34. It follows from all that we have said that the judge fell into error in this regard, though we must point out, in fairness to him, that these considerations were not brought to his attention by counsel and that the submissions made to him had a different focus. In accordance with the Children guideline, he should have taken as his starting point the sentence likely to have been imposed at the time of the offending, and the maximum sentence which could then have been imposed. For the reasons we have explained, the starting point should accordingly have been a total sentence of 12 months. That need not necessarily have been the end point. In the circumstances of this case, however, without in any way underestimating either the seriousness of the offending or the seriousness of the harm caused, to which Miss Kidd rightly drew our attention, we are not persuaded that there is any good reason why the adult appellant in 2021 should have been sentenced more severely than the adolescent appellant could or would have been sentenced in 1994 or 1995.

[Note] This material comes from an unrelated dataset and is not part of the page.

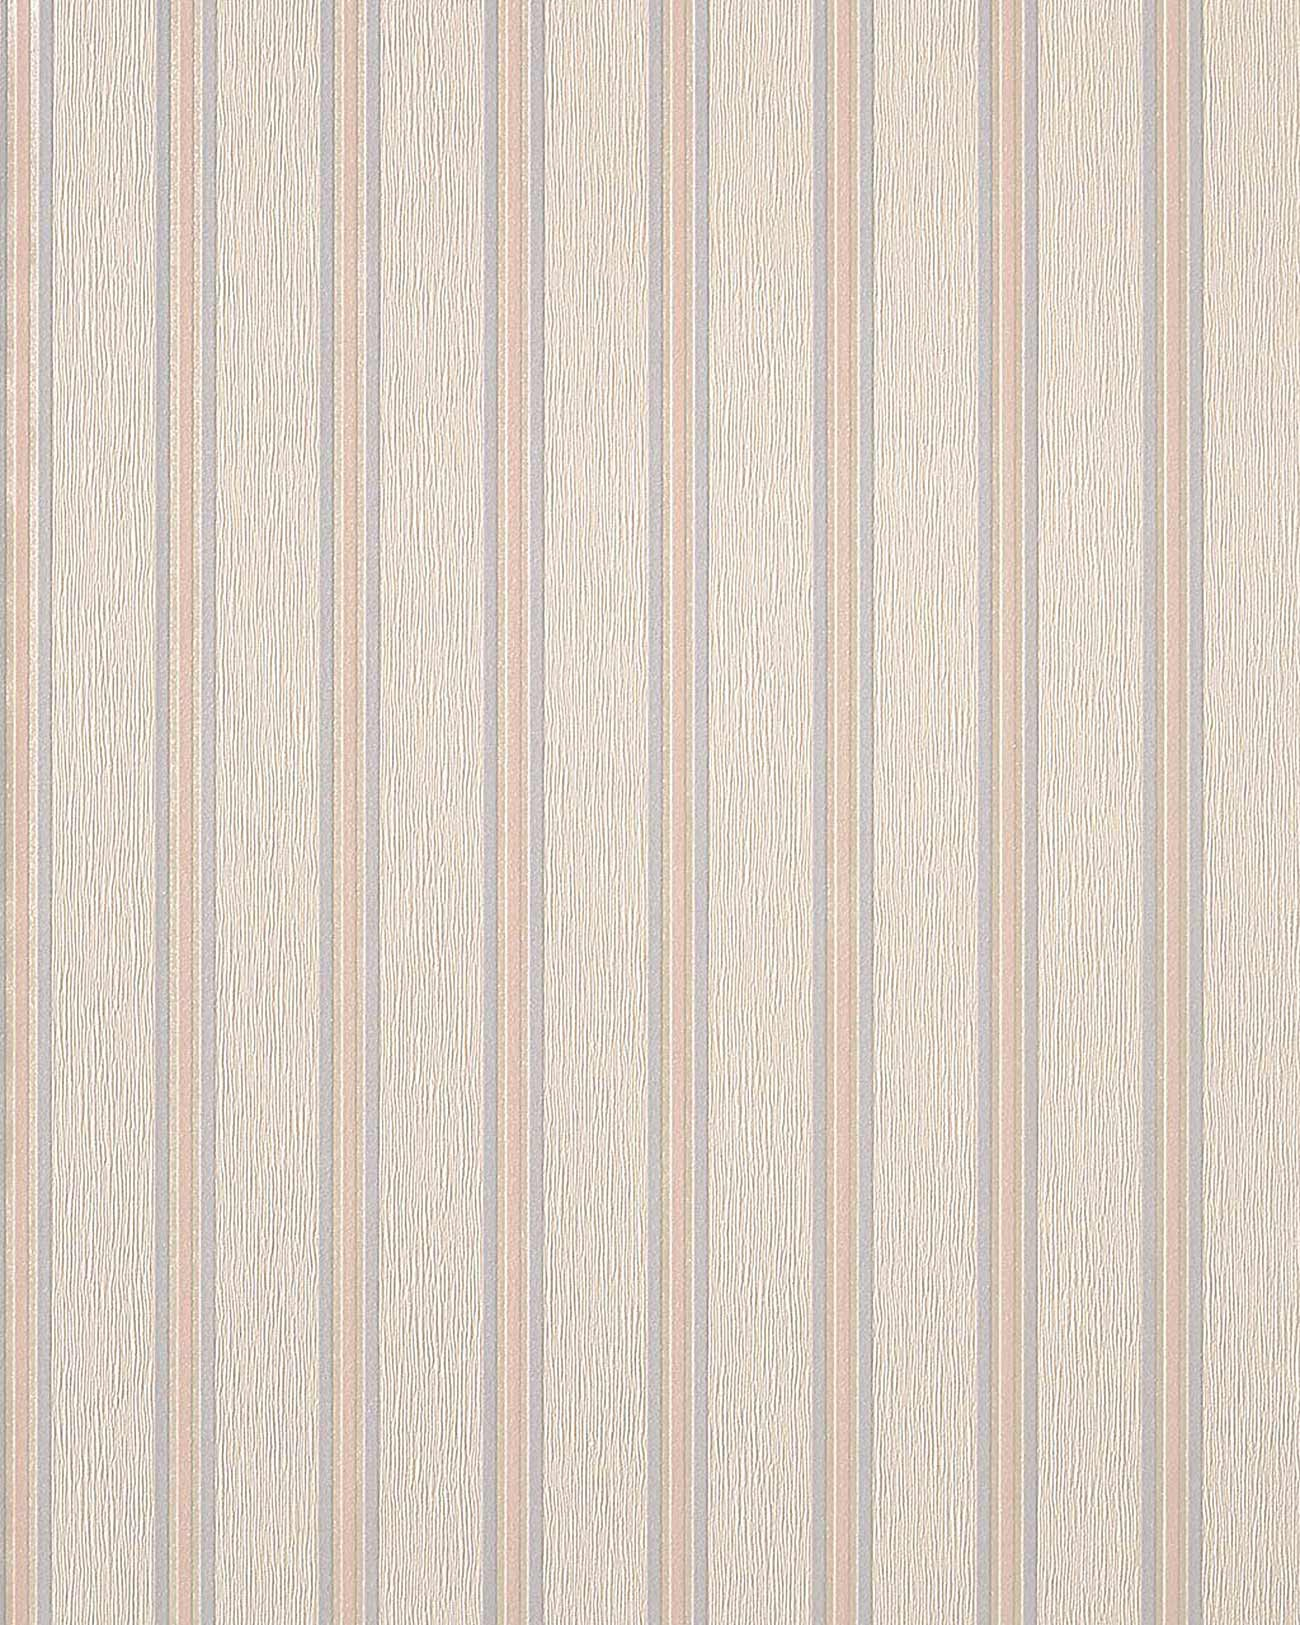 tapete wohnzimmer hell: 33 Stilvolle Design Streifen Tapete beige creme hell violett hell rosa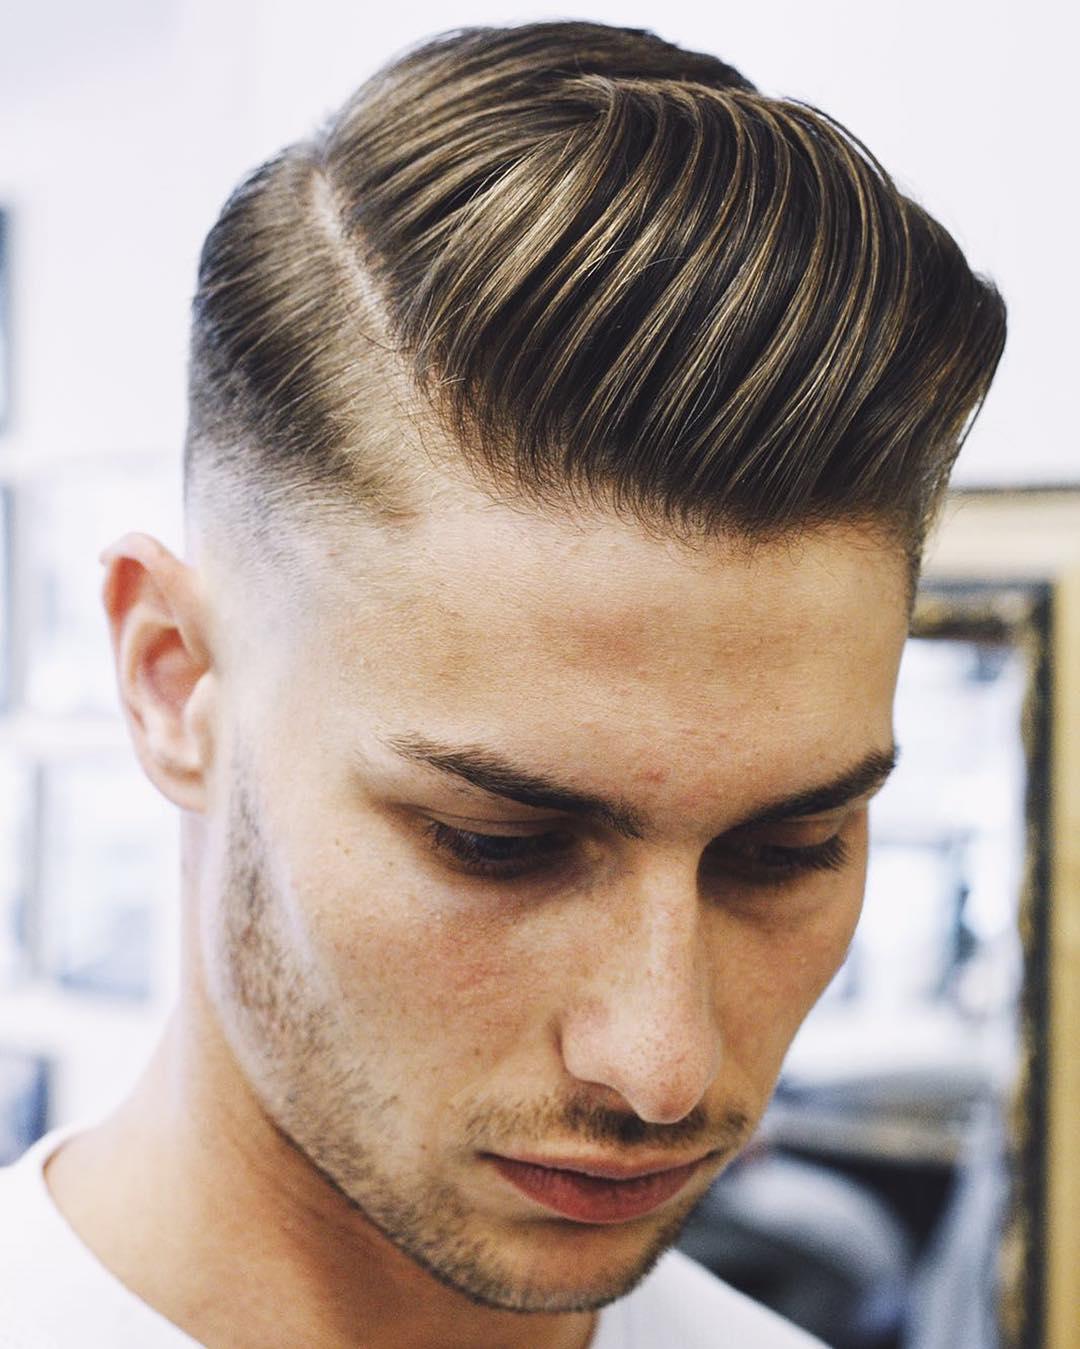 corte-masculino-2017-corte-de-cabelo-masculino-2017-cortes-2017-cabelo-2017-penteados-2017-haircut-for-men-2017-hairstyle-2017-grooming-moda-sem-censura-alex-cursino-13

35. We therefore allow the appeal to this extent. We quash the sentences of four years' imprisonment on count 8 and three years' imprisonment on count 4. We substitute for them sentences of one year's imprisonment, concurrent on each of those counts. The other, shorter concurrent sentences remain as before. Thus, the overall sentence is reduced from four years' imprisonment to 12 months' imprisonment.
36. One further consequence of our decision is that the period for which the appellant is subject to the notification requirements will be reduced to ten years.